Plessey launches chip-scale optics for GaN-on-silicon LEDs
Plessey Semiconductors developed a patented technology for Chip Scale Optics (CSO) based on its GaN-on-Si LEDs.
IMAGE: Plessey’s chip-scale optical system focuses the output from conventional LEDs without requiring bulky optical components. (Image credit: Plessey)
Semiconductor and solid-state lighting products manufacturer Plessey Semiconductors (Plymouth, England) developed a patented technology for Chip Scale Optics (CSO) based on its gallium nitride (GaN)-on-Silicon MaGIC light-emitting diodes (LEDs). The chip-scale design permits design of light emission angles down to ten degrees direct from the LED.
Plessey says that having the primary optics on the chip eliminates the cost of primary optics typically found in packaged LEDs and chip-on-board modules. Furthermore, it significantly lowers the cost and provides for far greater design freedom for secondary optics within a GaN-on-Si luminaire. The first applications will include retail spot lighting, hospitality lighting, high and low bays, street lighting, and stadium lighting. It is estimated that Plessey's CSO process will halve the cost of these lighting applications.

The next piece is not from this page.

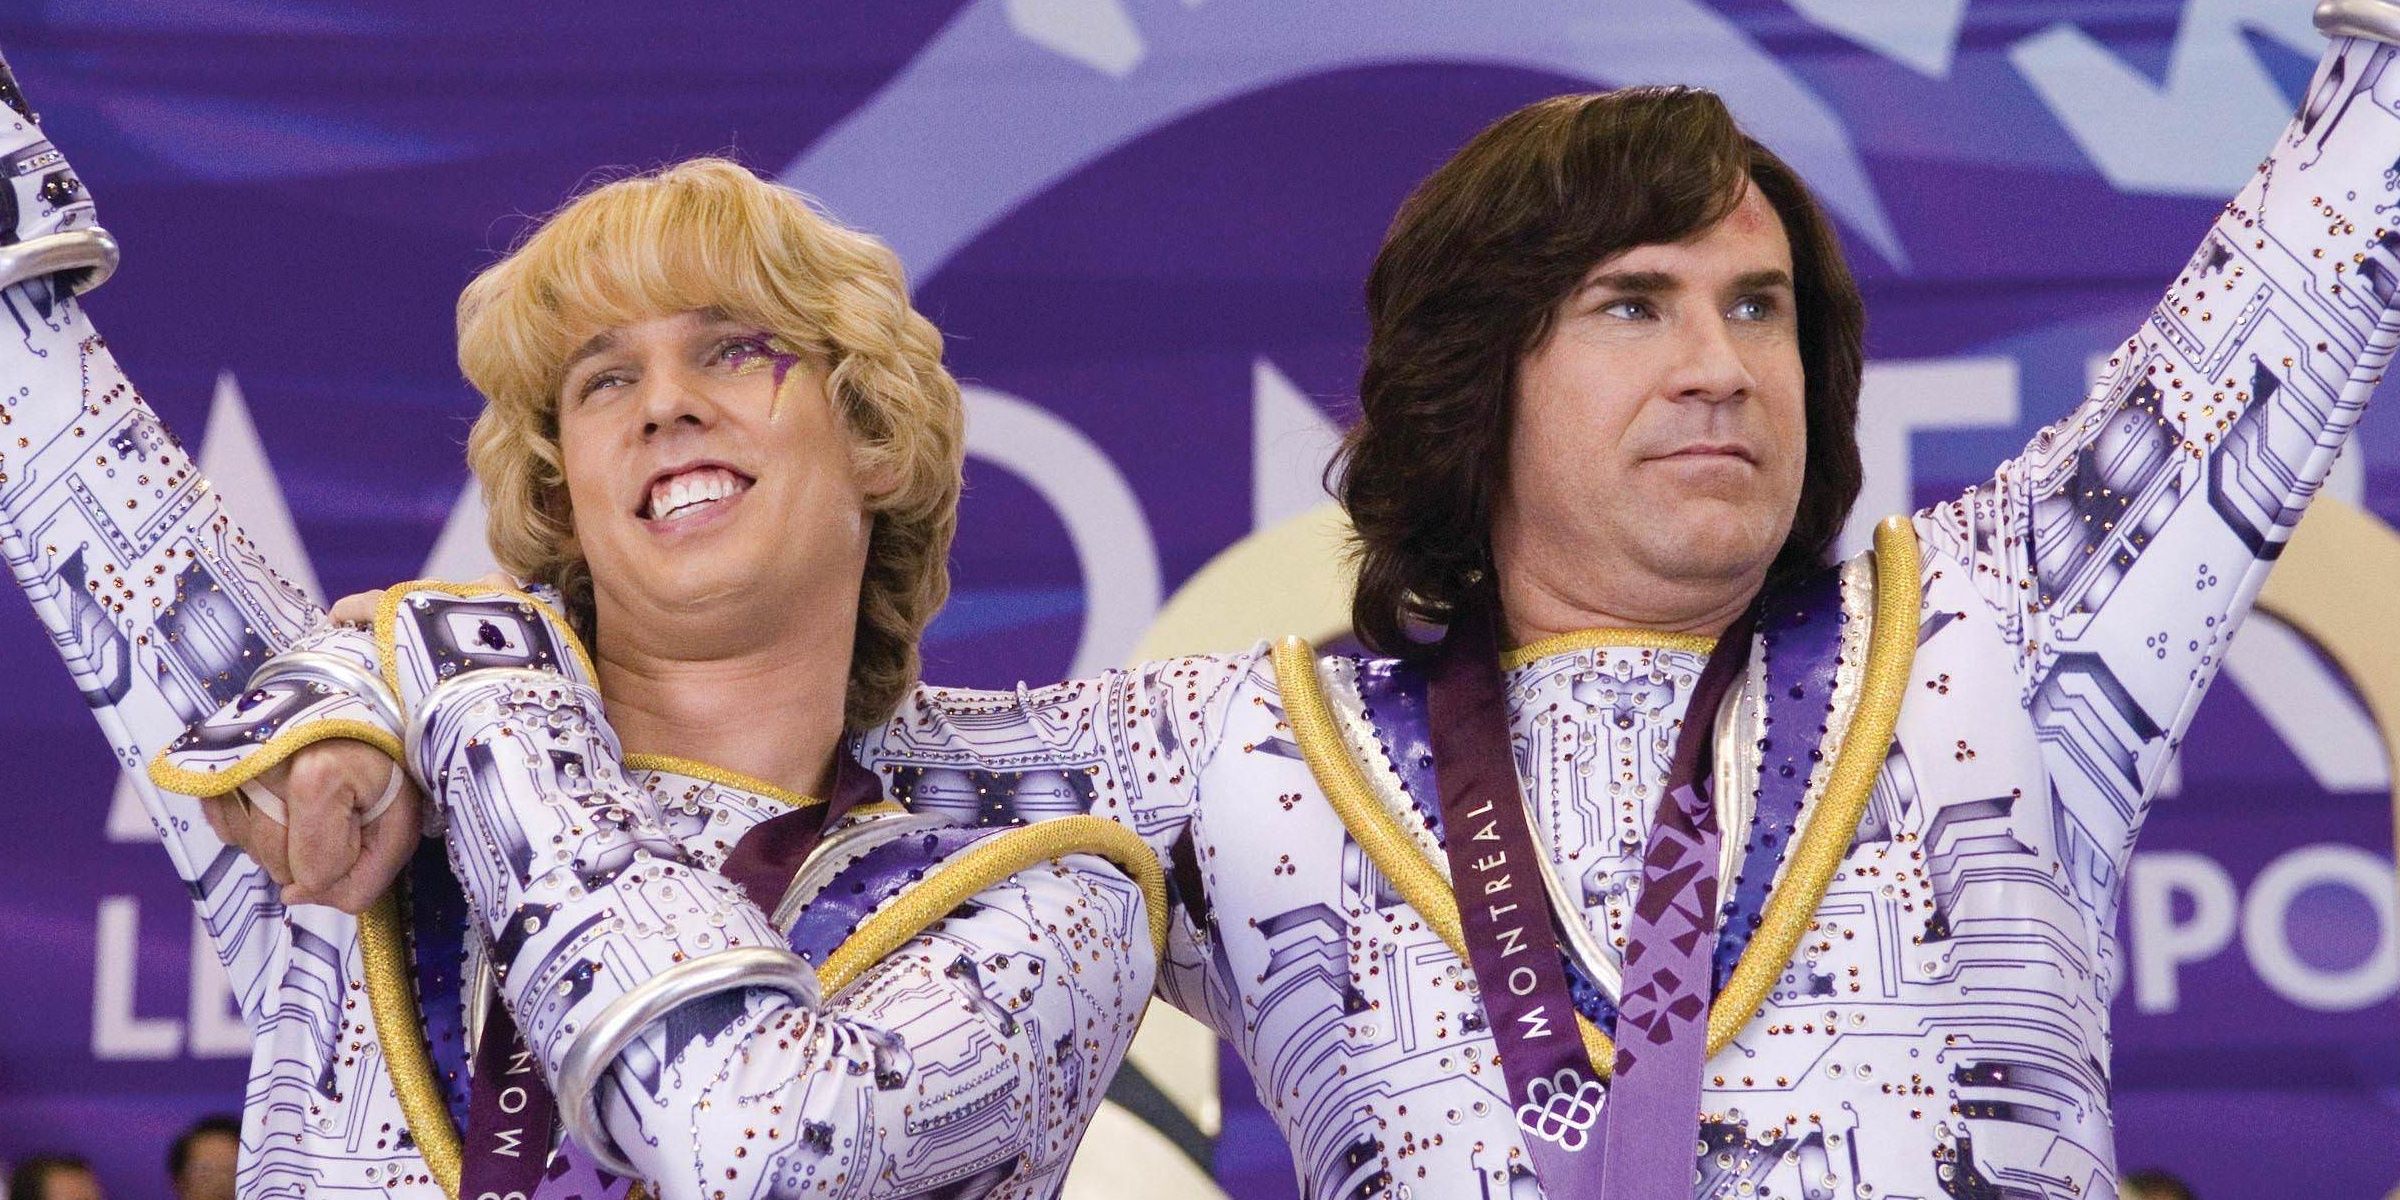 Will Ferrell and Jon Heder celebrate their victory in Blades of Glory

Keith Strickland, Plessey's CTO, said, "The CSO technology was originally designed as an on-chip phosphor dam. We realised that the original growth silicon, normally sacrificed during LED production, could be shaped and used to form mechanically robust, MEMS-type features on the emitting surface of a vertical LED. The degree of collimation is controlled in part by the mechanical dimensions of these on chip structures and we have demonstrated emission angles as low as 10 degrees. The IC industry has used silicon for over 60 years and [it] can be readily fashioned into many shapes and patterns. We have created silicon MEMS features in a variety of other applications and can manage to incorporate a complex primary optical design on the chip."
Samir Mezouari, Plessey's principal optical designer, added, "High-end lighting designers do not count lumens per Watt as the primary figure of merit for LEDs. A lighting designer aims to illuminate a particular surface area. Chip Scale Optics can significantly simplify luminaire designs by forming symmetrically collimated beams with narrow angles or asymmetric beams to form elongated far field light profiles. Schemes to collimate monochromatic light at the LED level have been developed before but no-one has previously collimated white light at the LED level."